Common follow-up questions
When you finish the core design, expect the interviewer to pull on one of these threads. Have a one-paragraph answer ready for each.
- How would you crawl JavaScript-rendered pages?
- The frontier is the heart of a crawler: a queue that decides what to fetch next, balancing priority (important or fresh pages first) against politeness (do not hammer one domain). A common design uses two layers: front queues for prioritisation and back queues mapped per domain, each with a delay so a single host is fetched no faster than its robots.txt crawl-delay or a default. Sketch the change against the high-level design above and tie your choice back to the requirements you clarified, rather than reaching for the most complex option.
- How do you keep a continuously refreshed index rather than a one-shot crawl?
- Two dedup problems: URL dedup (do not enqueue the same URL twice) and content dedup (do not store the same page reachable via different URLs). For URLs, normalise (lowercase host, strip fragments, sort query params) then check a set; a Bloom filter in front gives a fast probabilistic 'definitely new / maybe seen' answer and keeps the exact set off the hot path. Sketch the change against the high-level design above and tie your choice back to the requirements you clarified, rather than reaching for the most complex option.
- How do you prioritise which pages to (re)crawl?
- At billions of pages, fetching is distributed across many workers, partitioned by domain hash so politeness state for a domain lives in one place. Workers are stateless and pull from the frontier; the frontier and dedup stores are the shared state. Sketch the change against the high-level design above and tie your choice back to the requirements you clarified, rather than reaching for the most complex option.

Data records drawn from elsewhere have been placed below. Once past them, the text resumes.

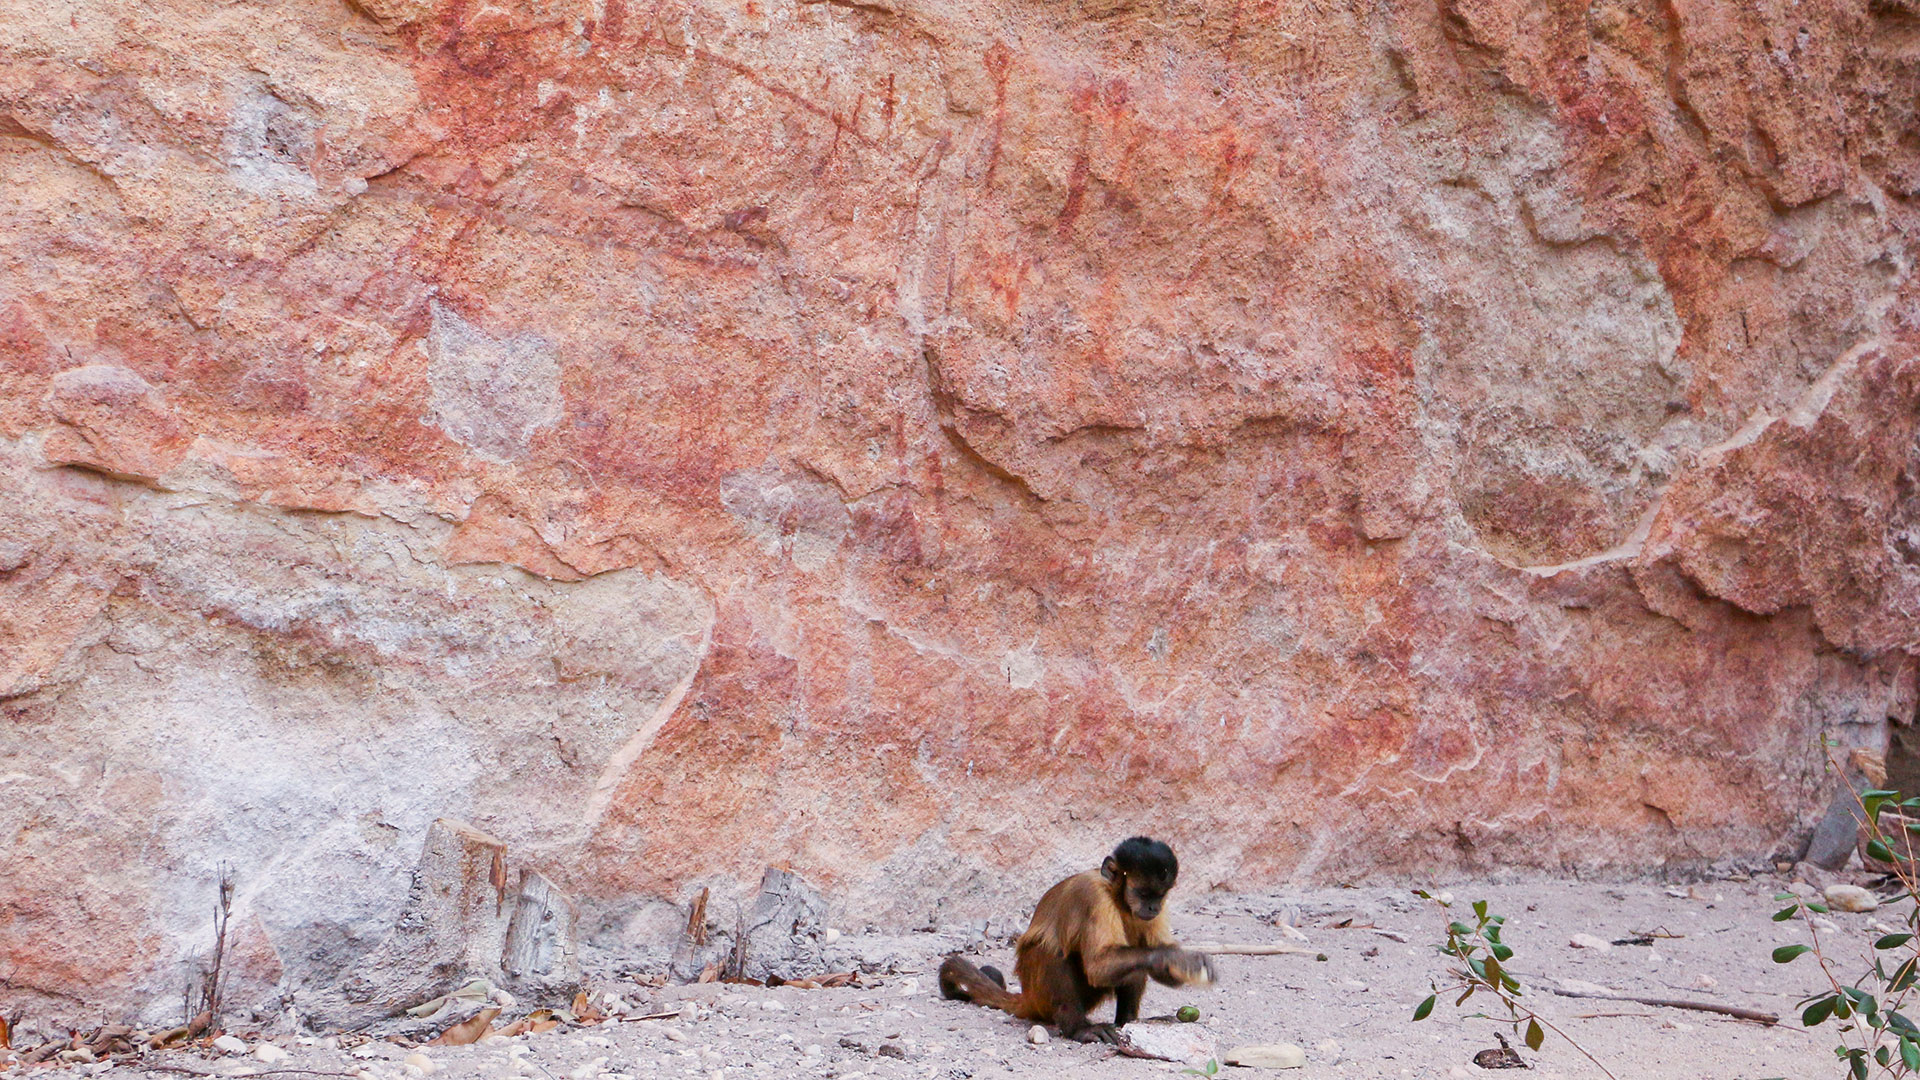 A capuchin monkey breaks fruit using a rock as a hammer and another as an anvil at an archaeological site with cave paintings in Northeast Brazil/Tiago Falótico.
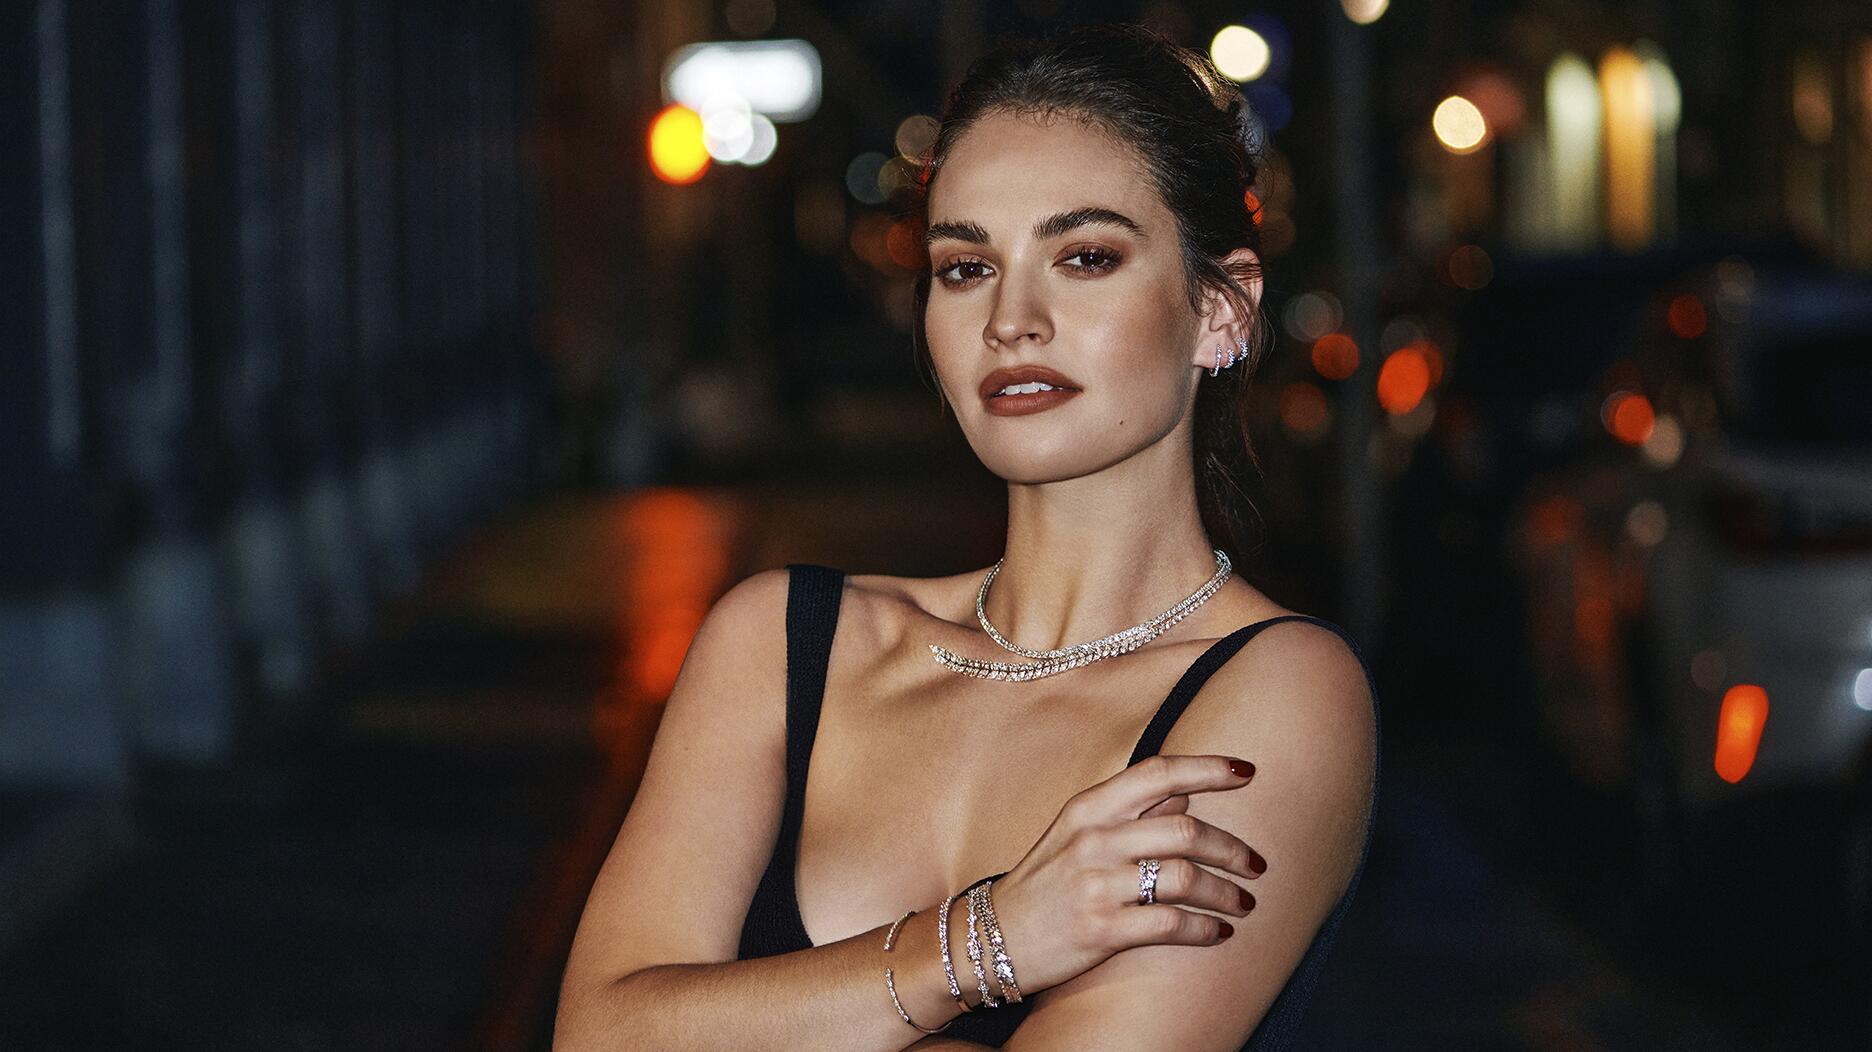 Natural Diamond Council's Latest Campaign With Lily James Is Here
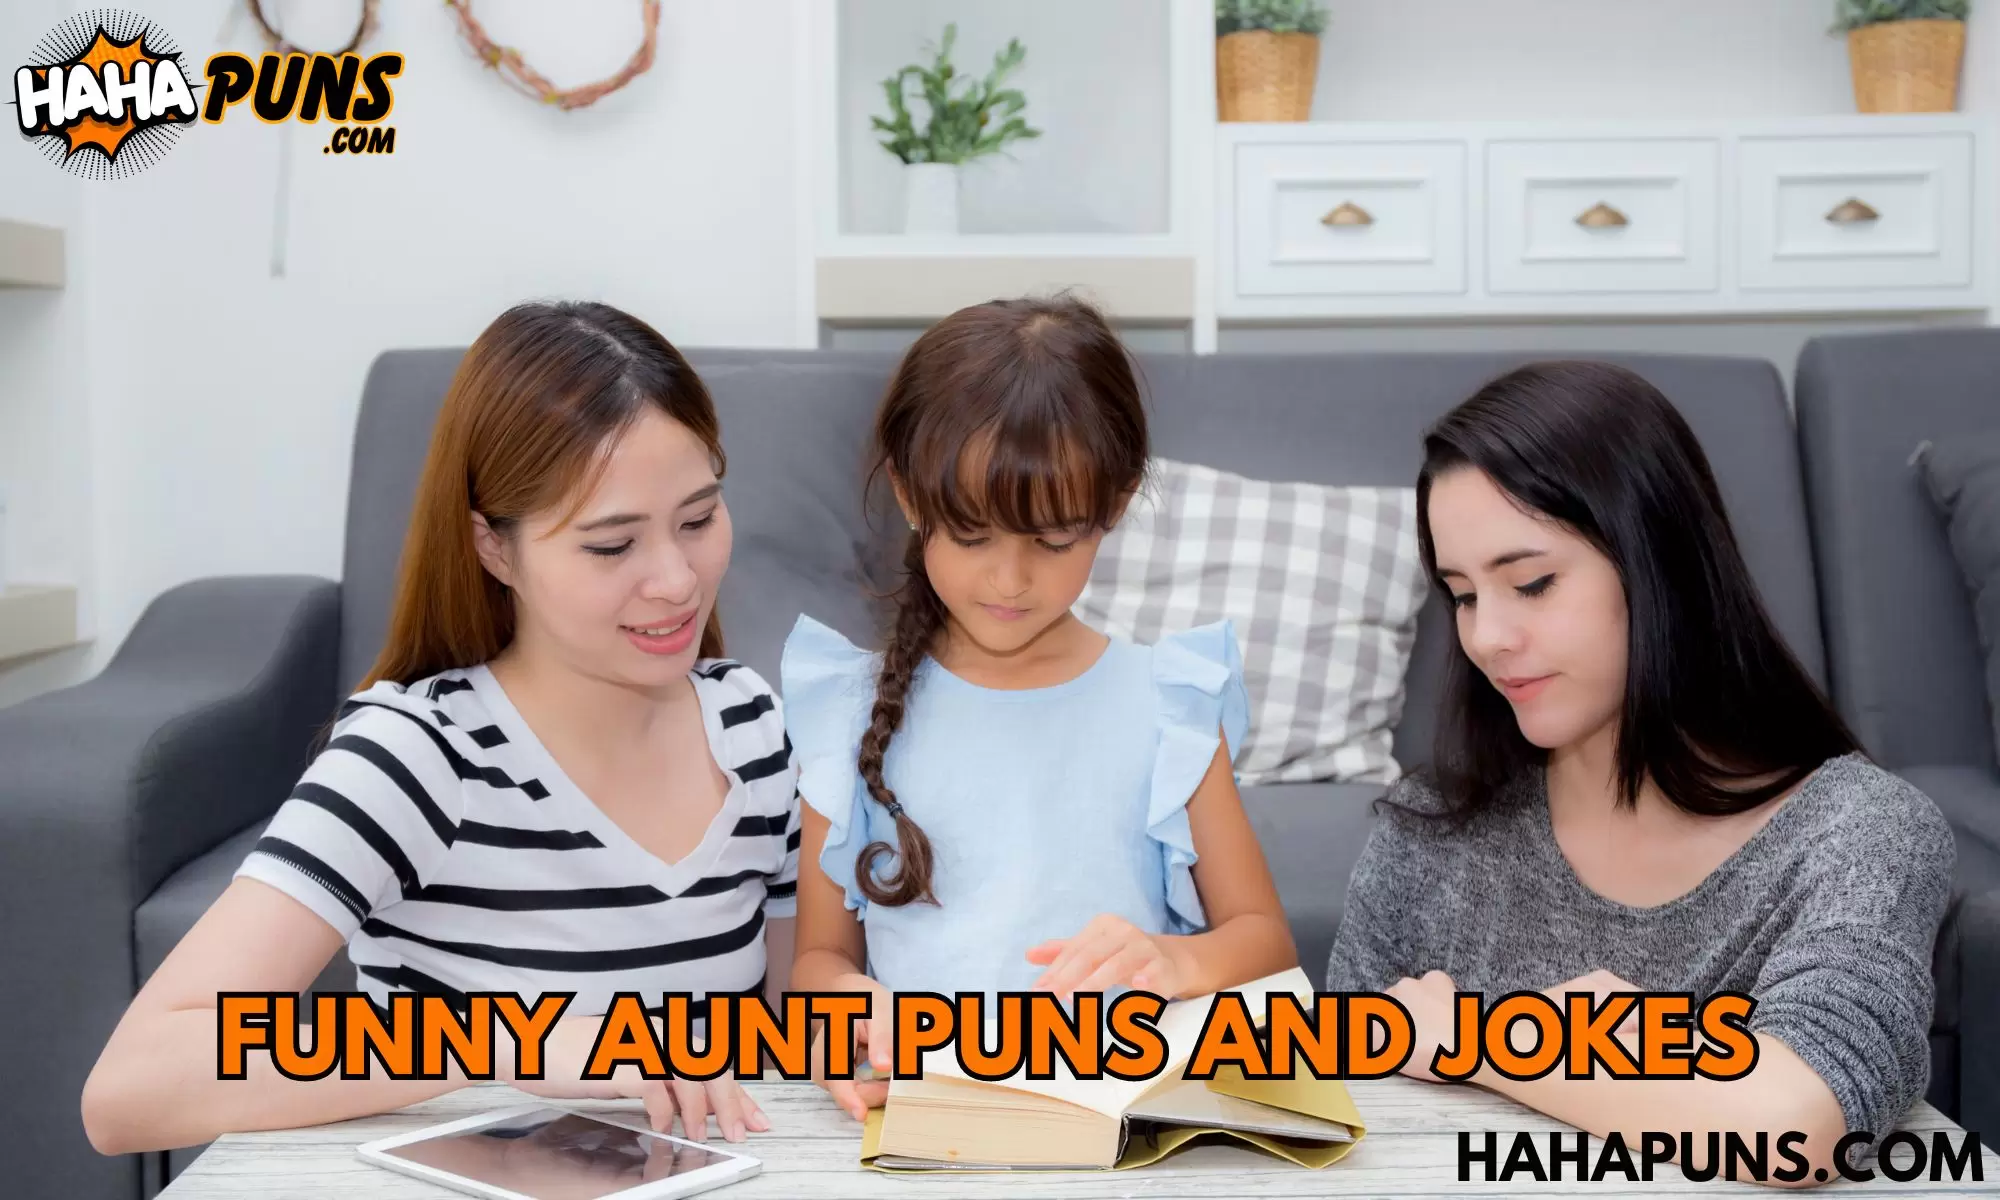 Funny Aunt Puns And Jokes
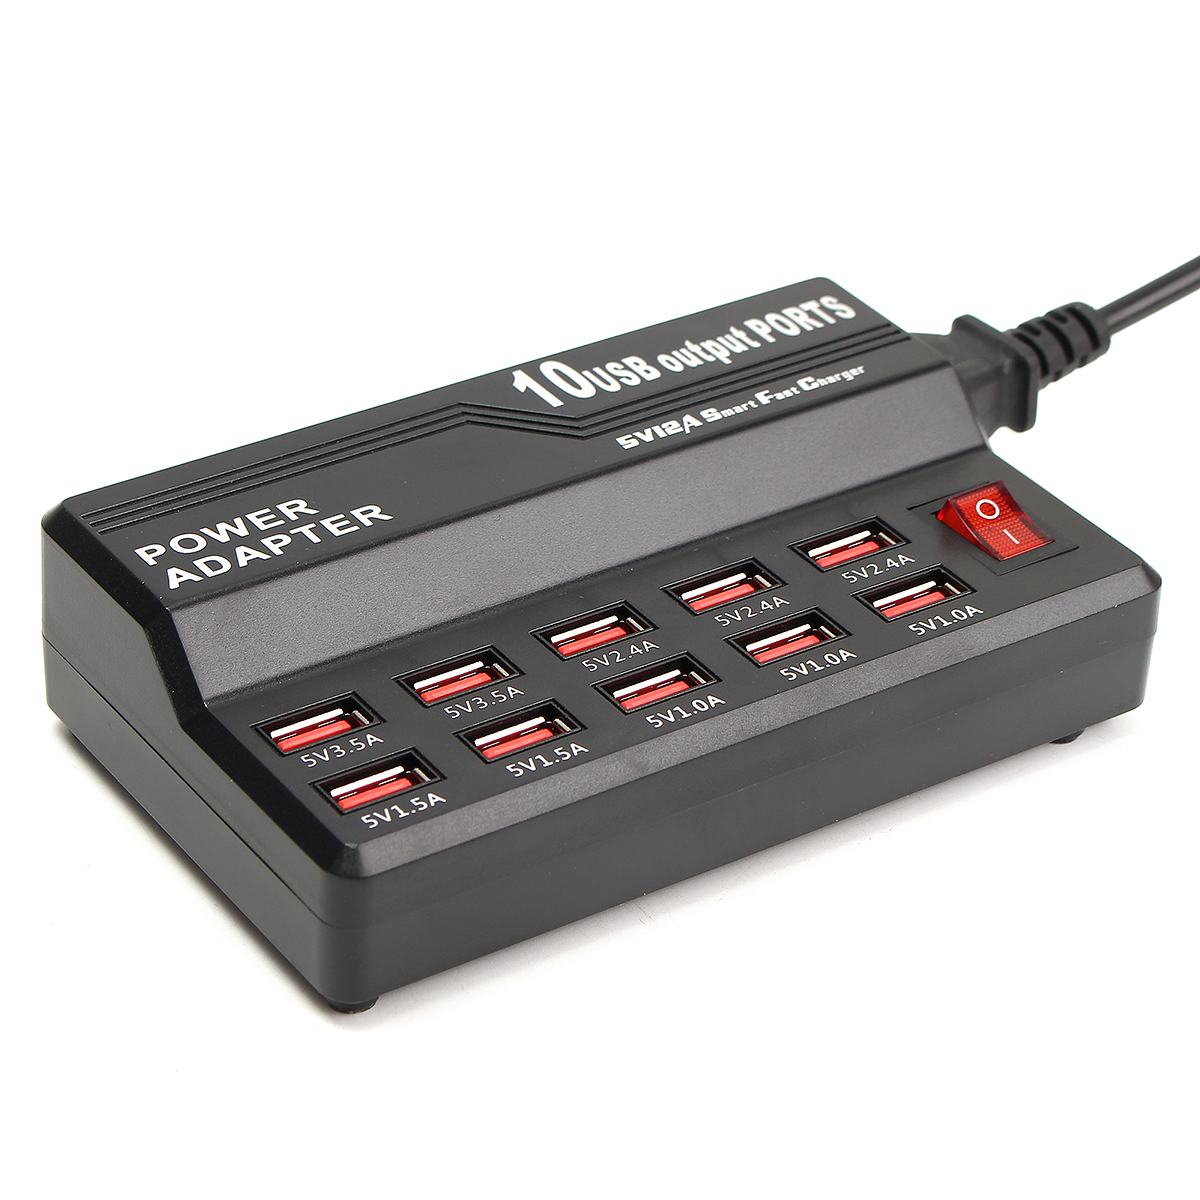 10-USB-20-Ports-5V-12A-Charging-Station-Universal-Charger-Power-Adapter-1133207

- How do you detect and avoid spider traps automatically?
- The frontier is the heart of a crawler: a queue that decides what to fetch next, balancing priority (important or fresh pages first) against politeness (do not hammer one domain). A common design uses two layers: front queues for prioritisation and back queues mapped per domain, each with a delay so a single host is fetched no faster than its robots.txt crawl-delay or a default. Sketch the change against the high-level design above and tie your choice back to the requirements you clarified, rather than reaching for the most complex option.